После уроков Селим уехал из лицея и поставил мопед у водно-спортивного клуба. Вошел в раздевалку: там голые мальчишки, сбившись в стайку, развлекалась тем, что лупили друг друга портфелями. Кое-кого из них Селим узнал, они вместе учились в выпускном классе лицея иезуитов. Поздоровался с ними, пошел к своему железному шкафчику и стал неспешно раздеваться. Скатал клубочком носки. Сложил брюки и рубашку. Повесил ремень. Оставшись в одних трусах, посмотрел на себя в маленькое зеркало на дверце шкафчика. С некоторых пор ему стало казаться, что его тело стало ему чужим. Как будто он переселился в чье-то другое тело, тело человека, о котором ничего не знает. Его грудь, ноги, ступни покрылись светлыми волосками. Благодаря упорным тренировкам грудные мышцы стали мощными, выпуклыми. Он уже на десять сантиметров обогнал в росте мать и все больше походил на нее. Селим унаследовал от Матильды светлый цвет волос, широкие плечи и любовь к физической активности. Это сходство смущало его, стесняло, как одежда, из которой он вырос, но от которой невозможно избавиться. В зеркале он видел улыбку матери, ее линию подбородка, и у него возникало ощущение, будто Матильда целиком завладела им и неотступно его преследует. И никогда ему с ней не расстаться.
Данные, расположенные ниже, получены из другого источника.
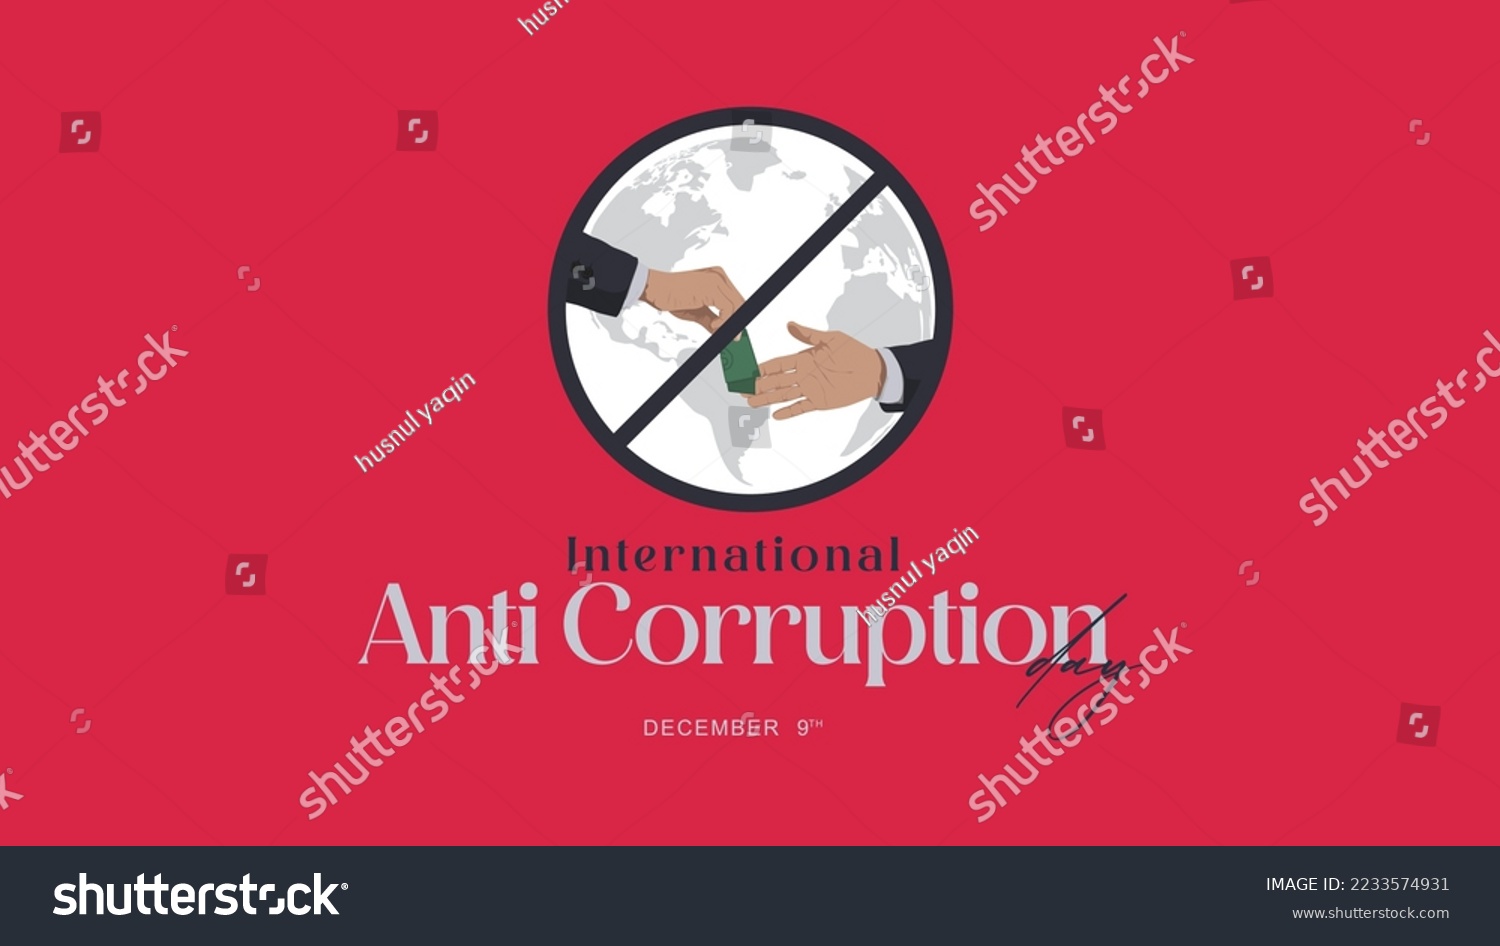 SVG of International Anti Corruption Day. Red color background. Hand Vector Illustration is bribing or corruption. Celebrating Anti-Corruption Day on December 9th. Suitable for banners, social media, posters svg
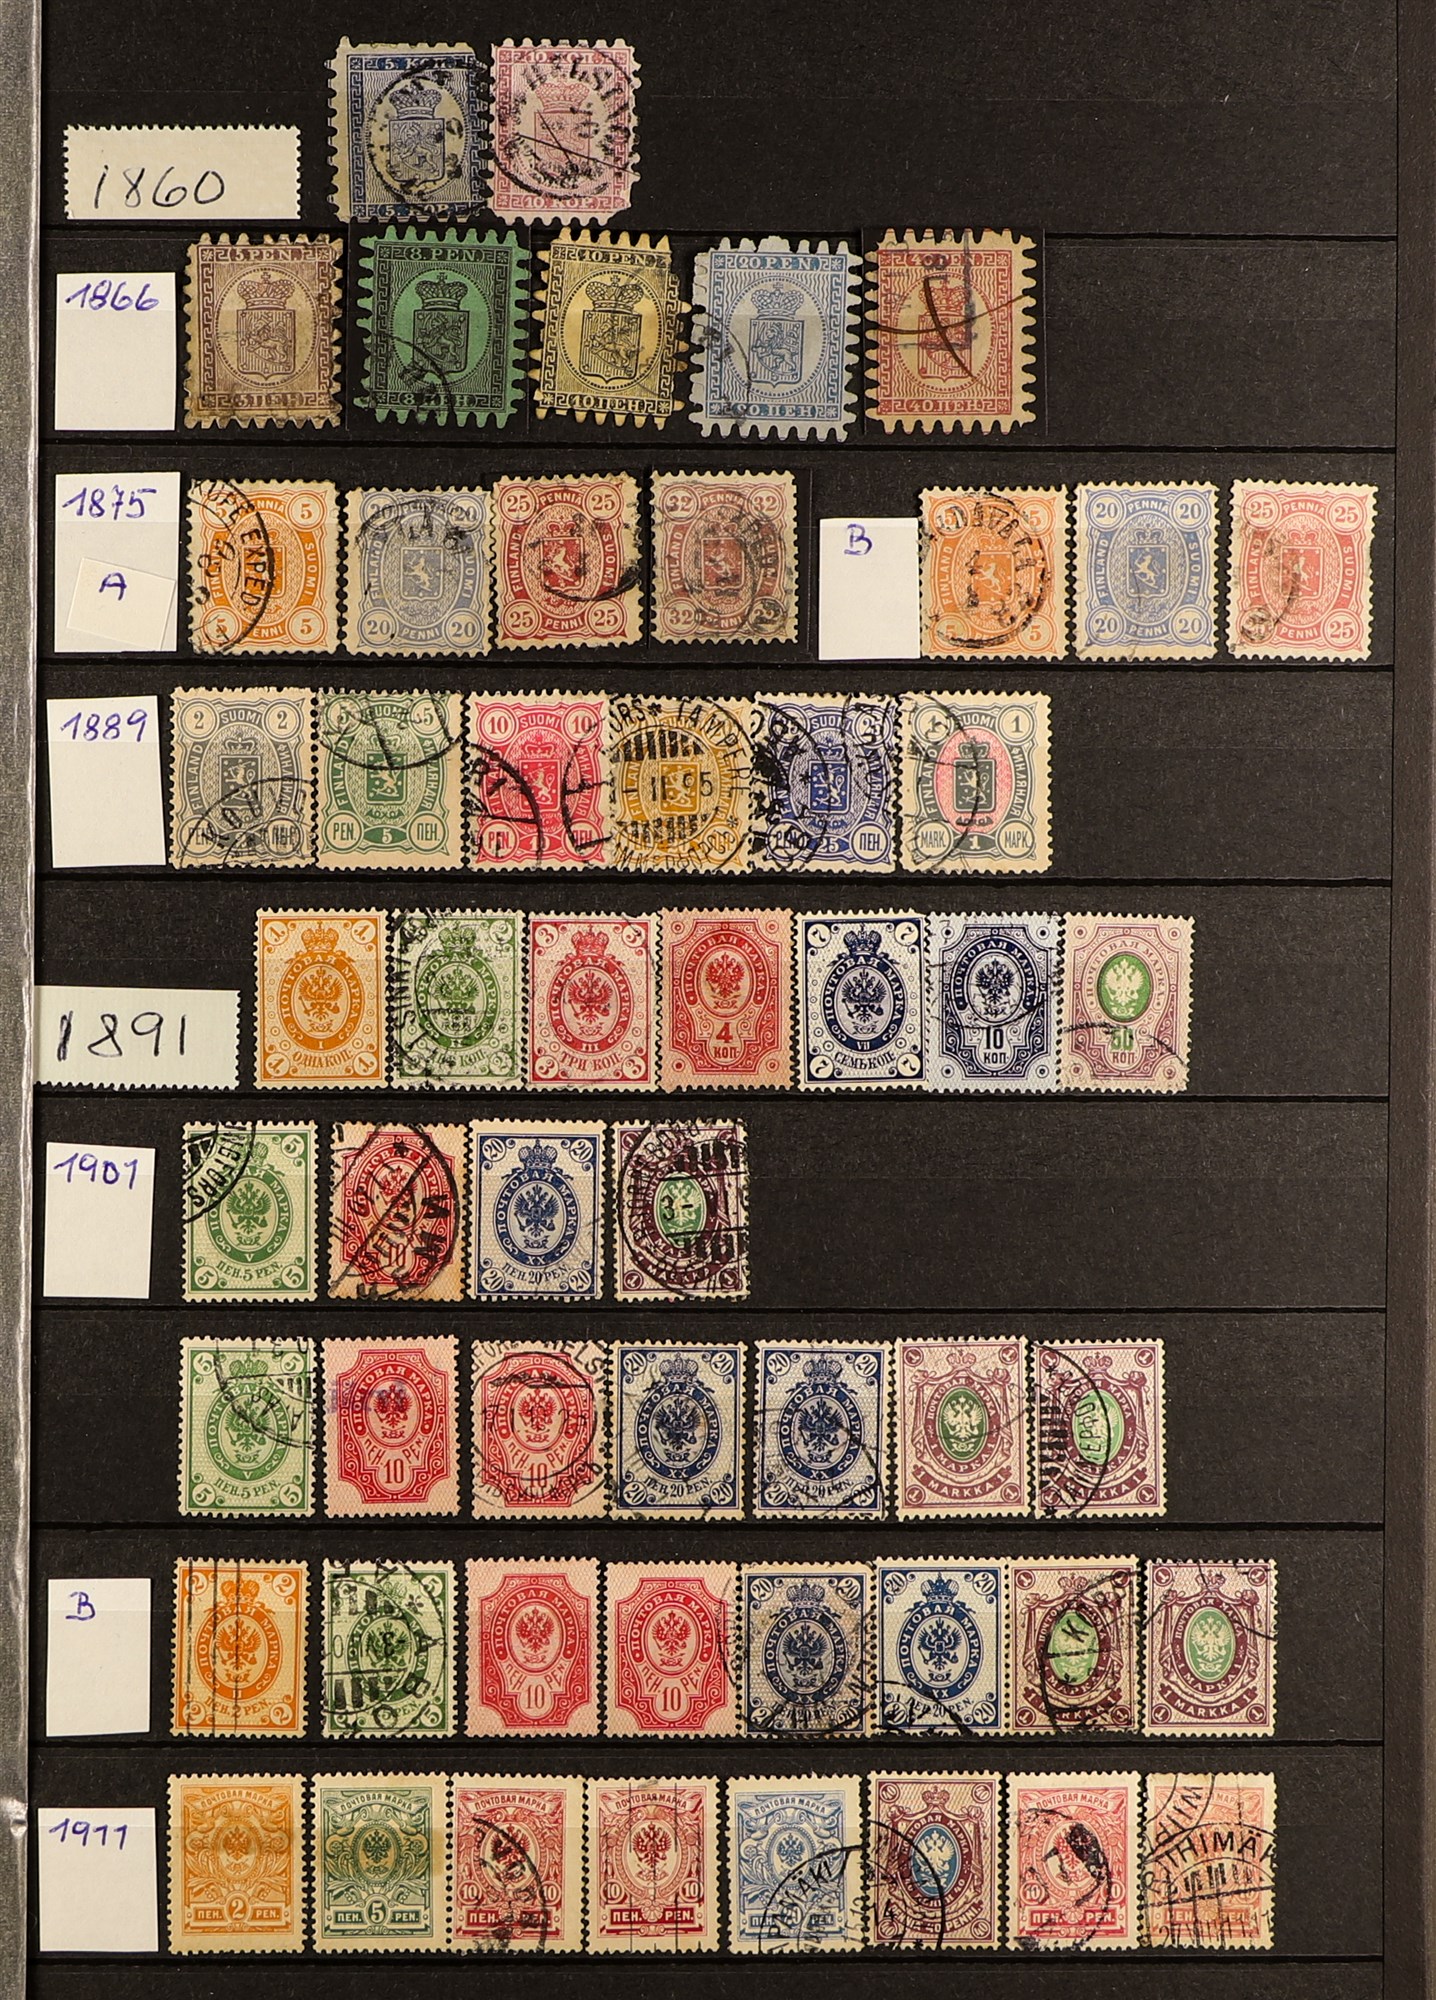 FINLAND 1860 - 2010's ACCUMULATION IN CARTON of mint / never hinged mint & used stamps and miniature - Image 23 of 34

Его тело не только изменилось внешне. Теперь оно настойчиво заявляло о каких-то желаниях, порывах, болях, прежде ему неведомых. Ночные видения не имели ничего общего со светлыми детскими снами, они пропитывали его, словно яд, отравляя день за днем. Да, он был теперь высоким, сильным, но за обретение мужского тела пришлось заплатить спокойствием. Отныне в нем поселилась тревога. Тело приходило в трепет по любому пустяку. Потели ладони, по затылку пробегала дрожь, член напрягался. Взросление воспринималось им не как победа, а как разрушение.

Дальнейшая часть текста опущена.